長男の大学が決まり、次男がまだ大学受験に間があるジュニアのうちに、一度日本に連れて行こうと思っていた。

2人とも私とは日本語で話すが、ここに住む限り、日本語を使う必要性はない。やはり日本でほんの数週間でも暮らさないと、日本語ができるありがたみは感じないだろう。日本語ができる楽しみと言いかえてもいい。

1人暮らしの母は今のところ元気でやっている。生活には困っていないし、友だちもいる。

私が長男を生んだとき、「赤ん坊が生まれちゃあ、もう日本には戻ってこんなあ」と母は言った。私は結婚してアメリカに移住したときから永住するつもりだったのに、母は私には結婚生活も外国生活も無理だと思っていたらしい。私の性格からして、そういう誤解も無理はない。

小さい頃、長男と母はそりが合わなかったが、それでも孫の成長は楽しみらしく、「大きくなったでしょう」とメールしてくる。長男もだんだん頑なさが取れてきて、母(彼にとっては祖母)の小言もうまくかわせるようになった。たくさん食べる次男のほうが今もお気に入りなのは、聞かなくてもわかるが、相性の問題だからしょうがない。

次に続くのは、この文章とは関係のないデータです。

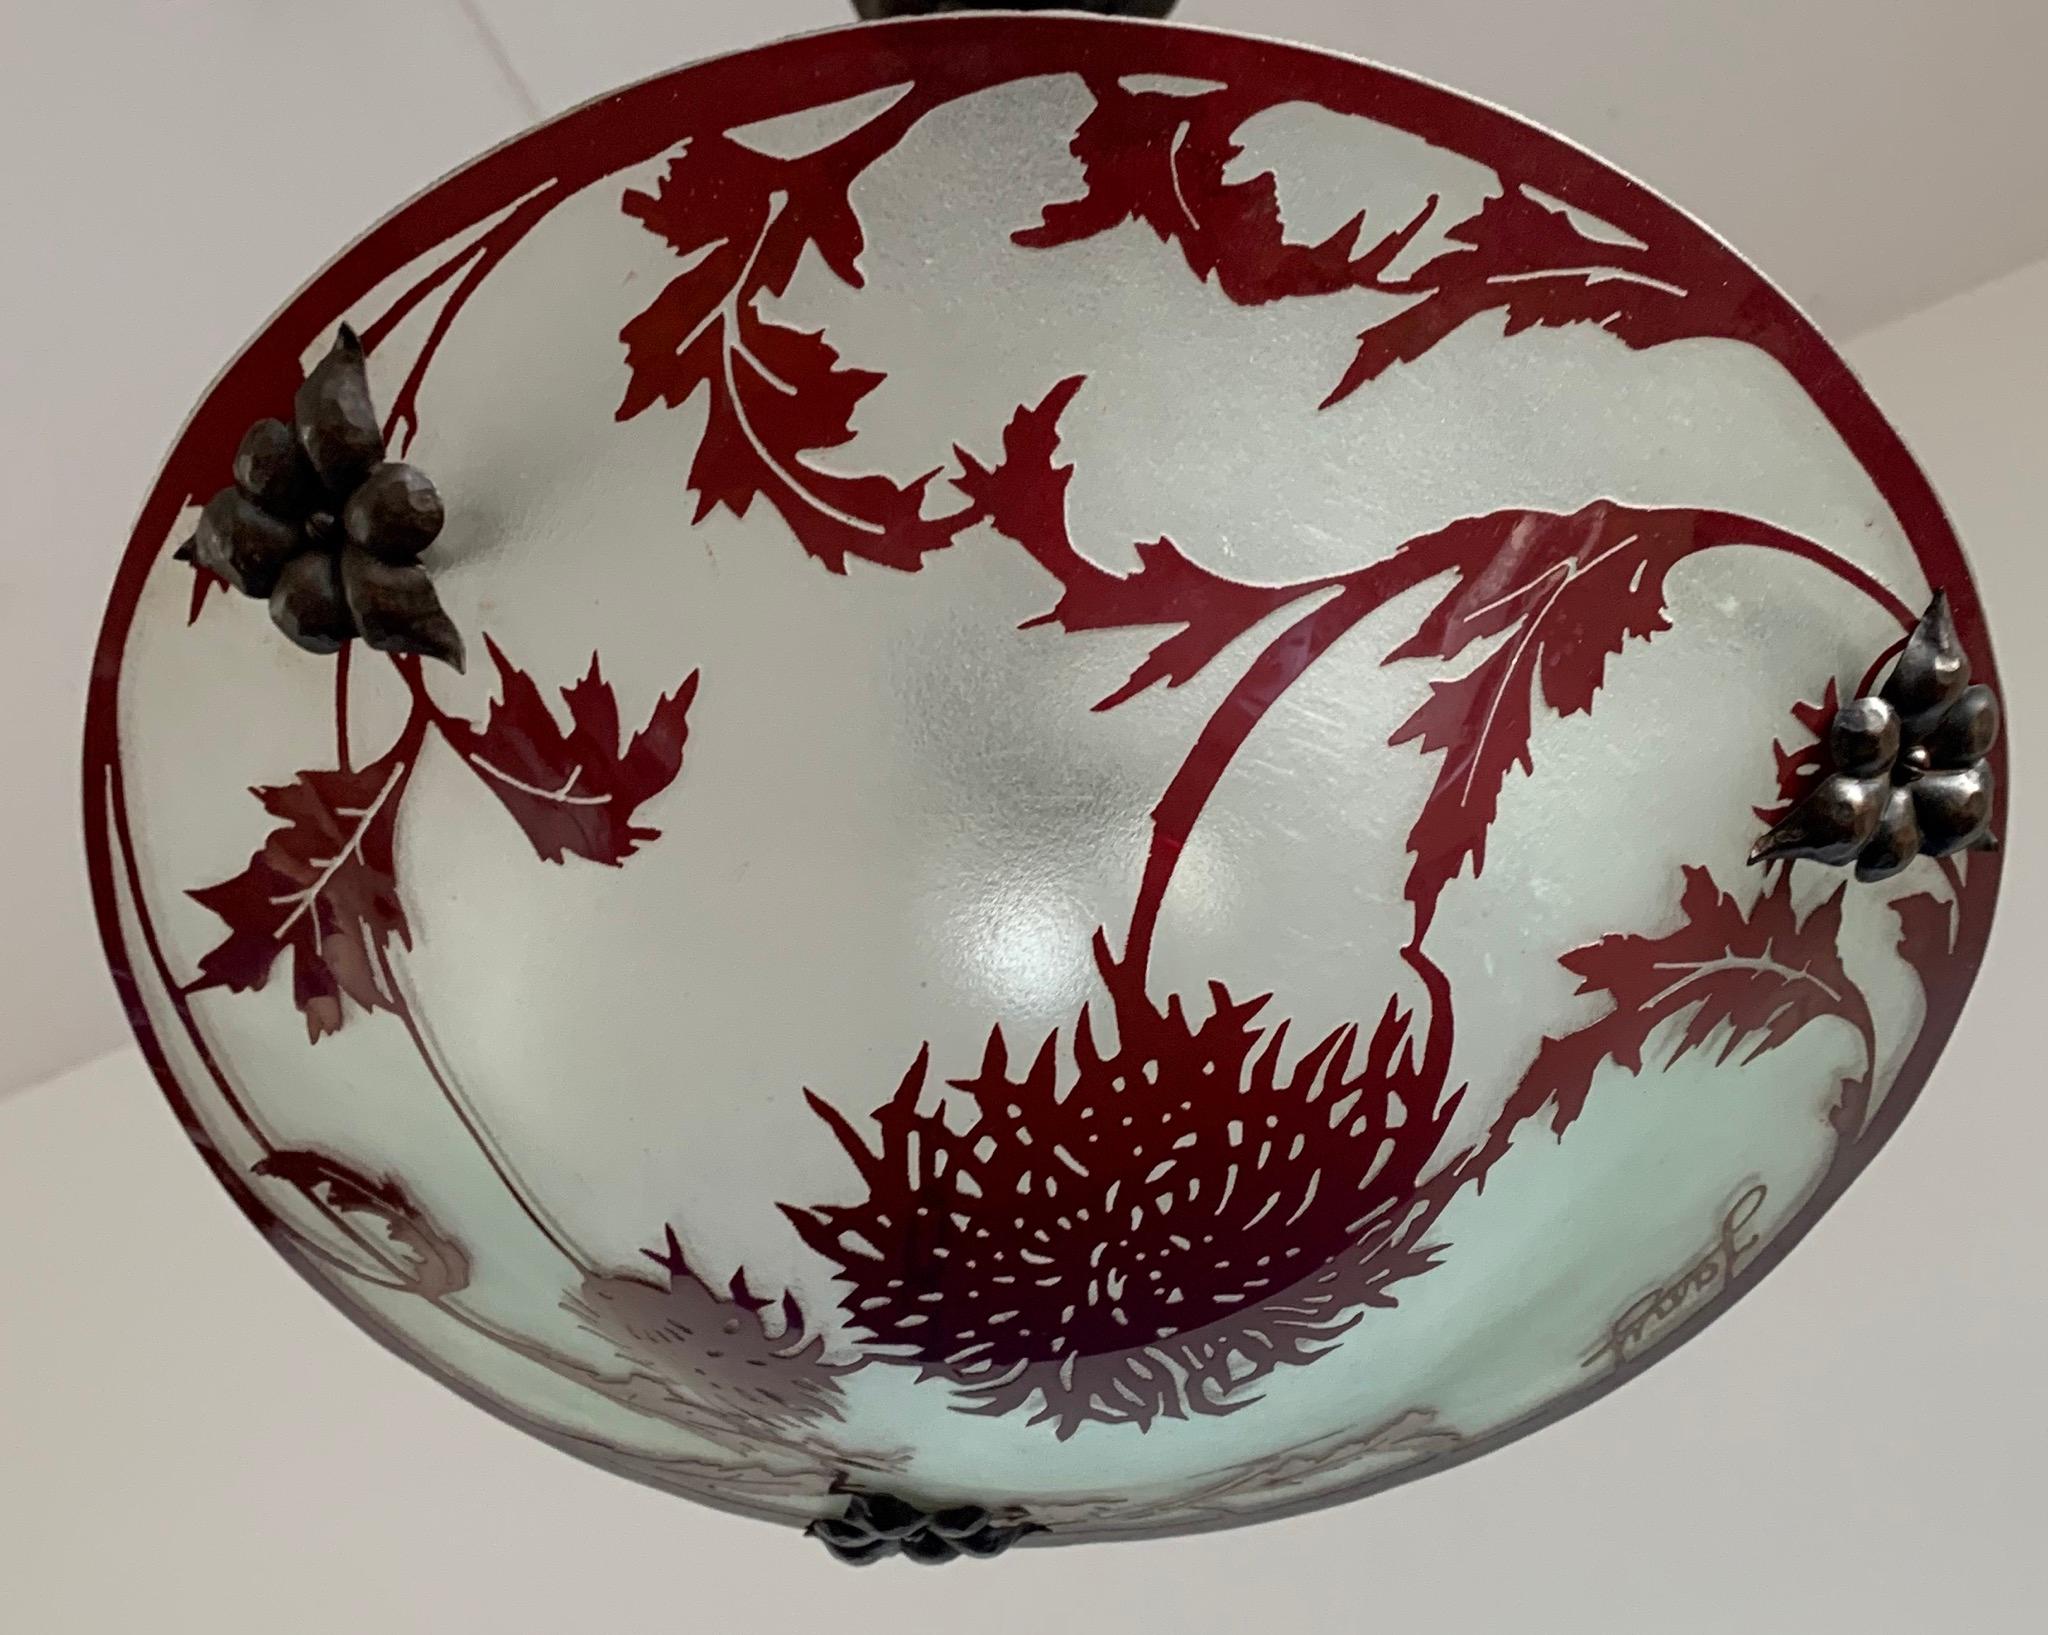 Unique and stunning work of lighting art.

If you are passionate about early 20th century decorative art then you will love this one of a kind, art glass light fixture. What you are seeing here is an extremely rare, enameled pendant, signed by

子どもたちが大学に行ってしまえば、それぞれに忙しく、そろって日本に行くのは難しくなる。

行くなら今のうちじゃないだろうか。


           *


ずっとそう考えていたが、次々と問題が起きた。

NYから東京への飛行機代が下がらない。格安航空券の広告は目にするが、燃料費を加算すると、閑散期であっても千ドルは下らない。いったい夏休みにはどれくらい高くなるのか。

それに円高。

私は空港で少しのドルを円に換え、日本滞在中の出費はほとんどアメリカで発行したクレジットカードでまかなう。ドル換算された請求金額を見て驚く。割高感は強くなるばかりである。

しかも、今は夫がリタイアしたために障碍手当てと配当金以外の収入はない。G氏のビジネスに出資もしたので、いつもキャッシュが足らない。クレジットカードの支払額はなるべく低く抑えねばならない。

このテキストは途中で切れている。